I would like to be able to generate random numbers with a probability density function that comes from a drawn curve. These two below have the same area under the curve but should produce lists of random numbers with different characteristics.
My intuition is that one way would be to do it is to sample the curve, and then use the areas of those rectangles to feed an np.random.choice
to pick a range to do an ordinary random in the range of that rectangle's range.
This doesn't feel like a very efficient way to do it. Is there a more 'correct' way to do it?

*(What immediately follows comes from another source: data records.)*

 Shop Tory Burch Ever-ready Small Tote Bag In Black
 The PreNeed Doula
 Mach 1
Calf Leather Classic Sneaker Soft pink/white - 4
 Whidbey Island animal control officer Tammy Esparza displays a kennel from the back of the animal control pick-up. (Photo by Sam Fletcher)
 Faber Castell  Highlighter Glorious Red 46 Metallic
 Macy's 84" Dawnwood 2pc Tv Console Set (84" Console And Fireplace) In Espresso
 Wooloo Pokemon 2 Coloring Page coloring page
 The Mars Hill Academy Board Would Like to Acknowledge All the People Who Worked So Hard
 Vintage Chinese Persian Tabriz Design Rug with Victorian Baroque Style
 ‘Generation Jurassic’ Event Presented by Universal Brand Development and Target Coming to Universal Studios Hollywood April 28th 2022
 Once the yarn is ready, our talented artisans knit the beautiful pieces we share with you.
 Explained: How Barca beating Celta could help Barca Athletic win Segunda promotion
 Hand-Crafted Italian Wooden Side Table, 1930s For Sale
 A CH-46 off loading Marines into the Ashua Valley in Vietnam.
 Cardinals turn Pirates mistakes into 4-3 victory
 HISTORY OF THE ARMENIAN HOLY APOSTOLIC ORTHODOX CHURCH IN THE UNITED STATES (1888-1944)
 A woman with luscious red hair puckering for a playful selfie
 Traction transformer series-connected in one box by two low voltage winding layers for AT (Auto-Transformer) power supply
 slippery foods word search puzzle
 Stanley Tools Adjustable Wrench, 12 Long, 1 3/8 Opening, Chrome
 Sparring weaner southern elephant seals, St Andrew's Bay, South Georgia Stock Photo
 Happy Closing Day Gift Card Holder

I had a crack at actually doing it:
import matplotlib.pyplot as plt
import numpy as np
areas = [4.397498, 4.417111, 4.538467, 4.735034, 4.990129, 5.292455, 5.633938,
6.008574, 6.41175, 5.888393, 2.861898, 2.347887, 2.459234, 2.494357,
2.502986, 2.511614, 2.520243, 2.528872, 2.537501, 2.546129, 7.223747,
7.223747, 2.448148, 1.978746, 1.750221, 1.659351, 1.669999]
divisons = [0.0, 0.037037, 0.074074, 0.111111, 0.148148, 0.185185, 0.222222,
0.259259, 0.296296, 0.333333, 0.37037, 0.407407, 0.444444, 0.481481,
0.518519, 0.555556, 0.592593, 0.62963, 0.666667, 0.703704, 0.740741,
0.777778, 0.814815, 0.851852, 0.888889, 0.925926, 0.962963, 1.0]
weights = [a/sum(areas) for a in areas]
indexes = np.random.choice(range(len(areas)), 50000, p=weights)
samples = []
for i in indexes:
samples.append(np.random.uniform(divisons[i], divisons[i+1]))
binwidth = 0.02
binSize = np.arange(min(samples), max(samples) + binwidth, binwidth)
plt.hist(samples, bins=binSize)
plt.xlim(xmax=1)
plt.show()
The method seems to work, but is a bit heavy!